Oleg, you will not believe what I just found!

5. Steineck wristwatch camera – Germany, circa 1949

An agent would carefully aim the camera while pretending to check the time —not an easy feat since there was no viewfinder. Pressing a button on the watch snapped the photo. Gives new meaning to the term “watching you.”

Wristwatch camera

It’s picture time.

4. Hollow coin – Issued by KGB, 1950s -1990s

Hollow coins easily concealed microfilm and microdots. They were opened by inserting a needle into a tiny hole in the front of the coin. One Soviet operative accidentally lost his hollow coin and it ended up in the hands of a Brooklyn delivery boy. Needless to say, it was a bad tip.

Coins that are hollow

Definitely not legal tender for any debt, public or private.

3. Minox camera – Germany, circa 1969-1975

John Walker used a Minox C camera to secretly photograph documents for the KGB.  He used the camera so often that it eventually wore out.
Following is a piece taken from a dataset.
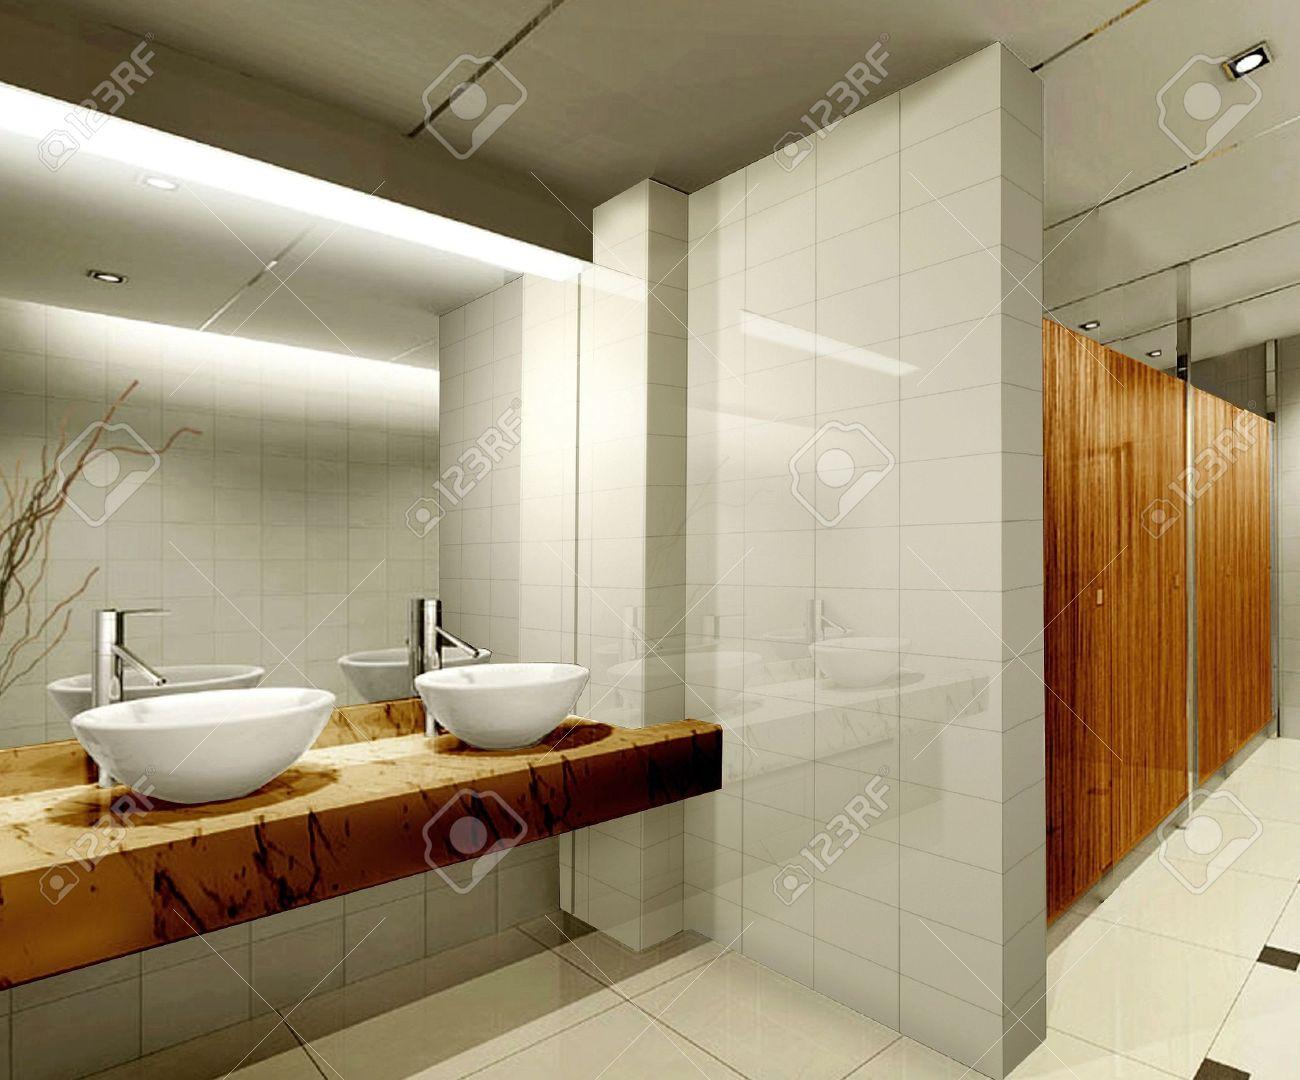 modernes design-innenraum der stilvolles badezimmer. 3d render, Badezimmer ideen
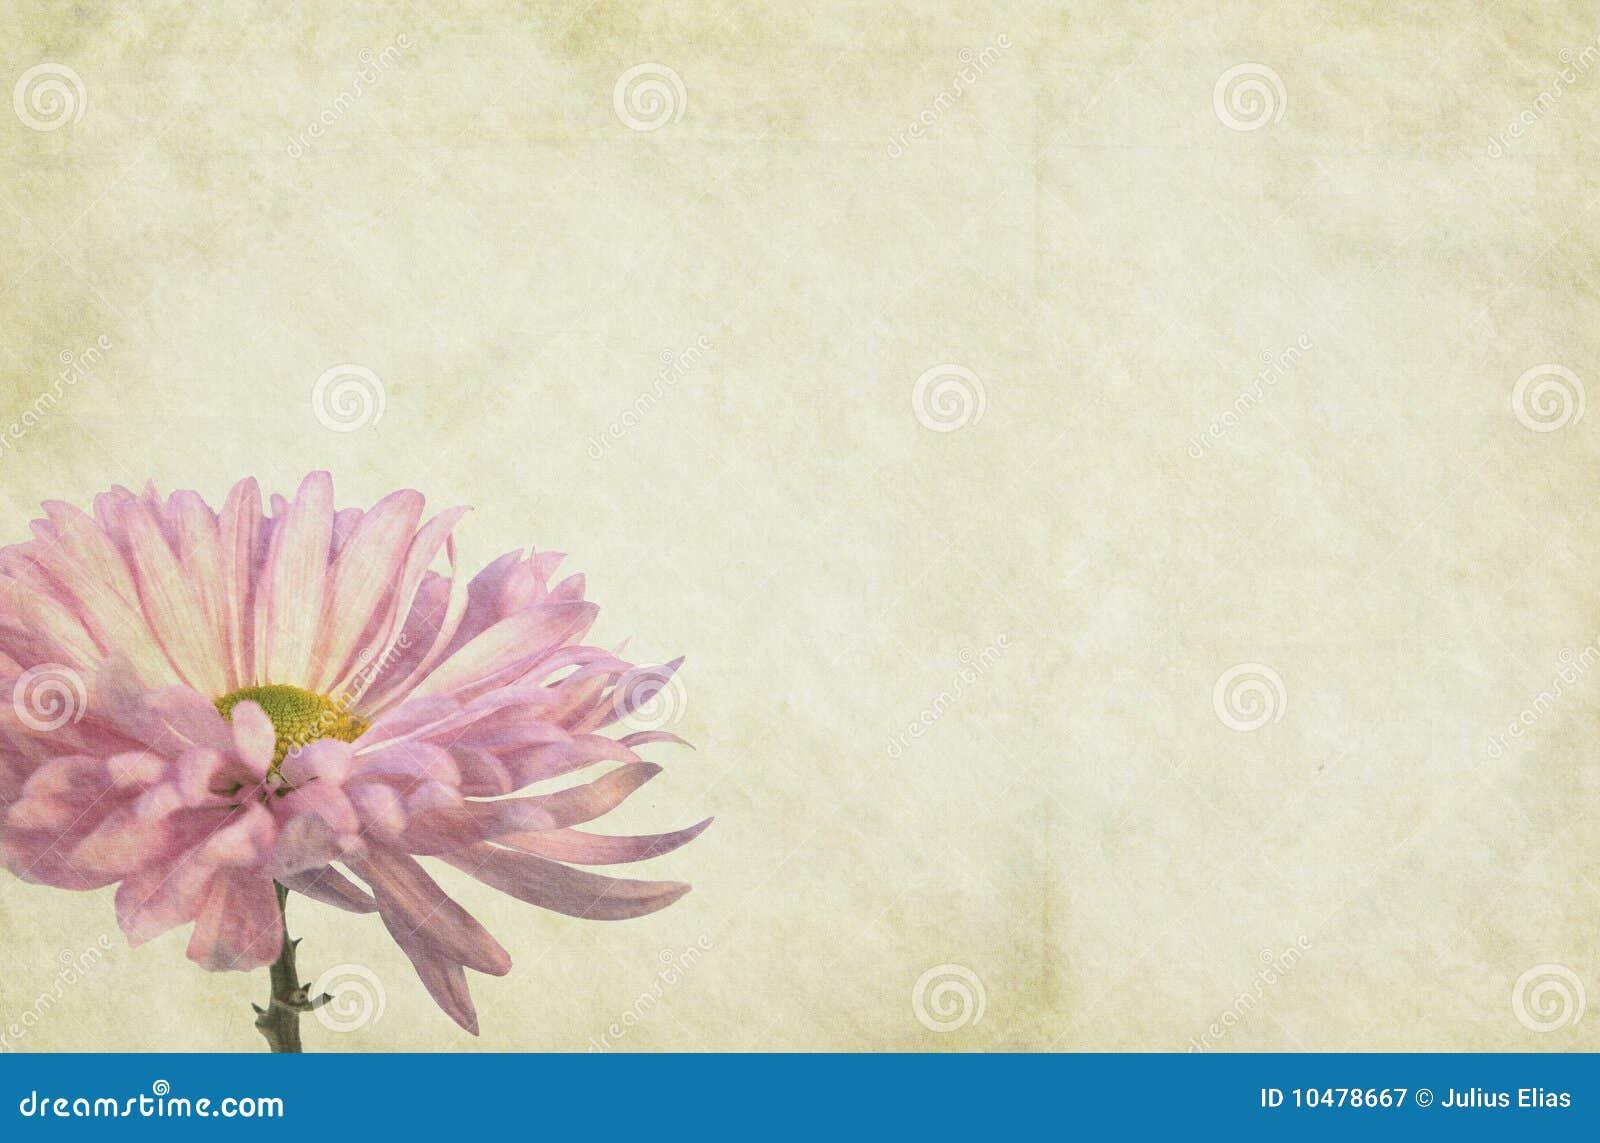 Blumen-themenorientierter Papierhintergrund

At the time, it was the smallest camera in existence.

Minox Camera

Precursor to the SLR

2. Enigma machine – Germany, circa 1940

Originally designed to encode business communications, the Germans adapted the Enigma cipher machine for use in World War II. The machine linked a keyboard to a series of rotors using electric current. The rotors transposed each keystroke multiple times generating millions of possible combinations.  The message was then sent in Morse code. The Allies eventually cracked cracked it. Good thing there was no such thing as “autocorrect” back then.

Code machine

The code is unbreakable? Challenge accepted.

1. Ring gun – France, 19th century

This lethal device held six 5mm bullets. It had the nickname, “Le Petite Protector,” meaning “the small protector” in French. Talk about a trigger finger.

Gun Ring

A true “blood diamond”

Every successful agent is going to need an array of gadgets to help them accomplish their assignments. These ten won’t let you down.

That’s all the intel for now. More to follow.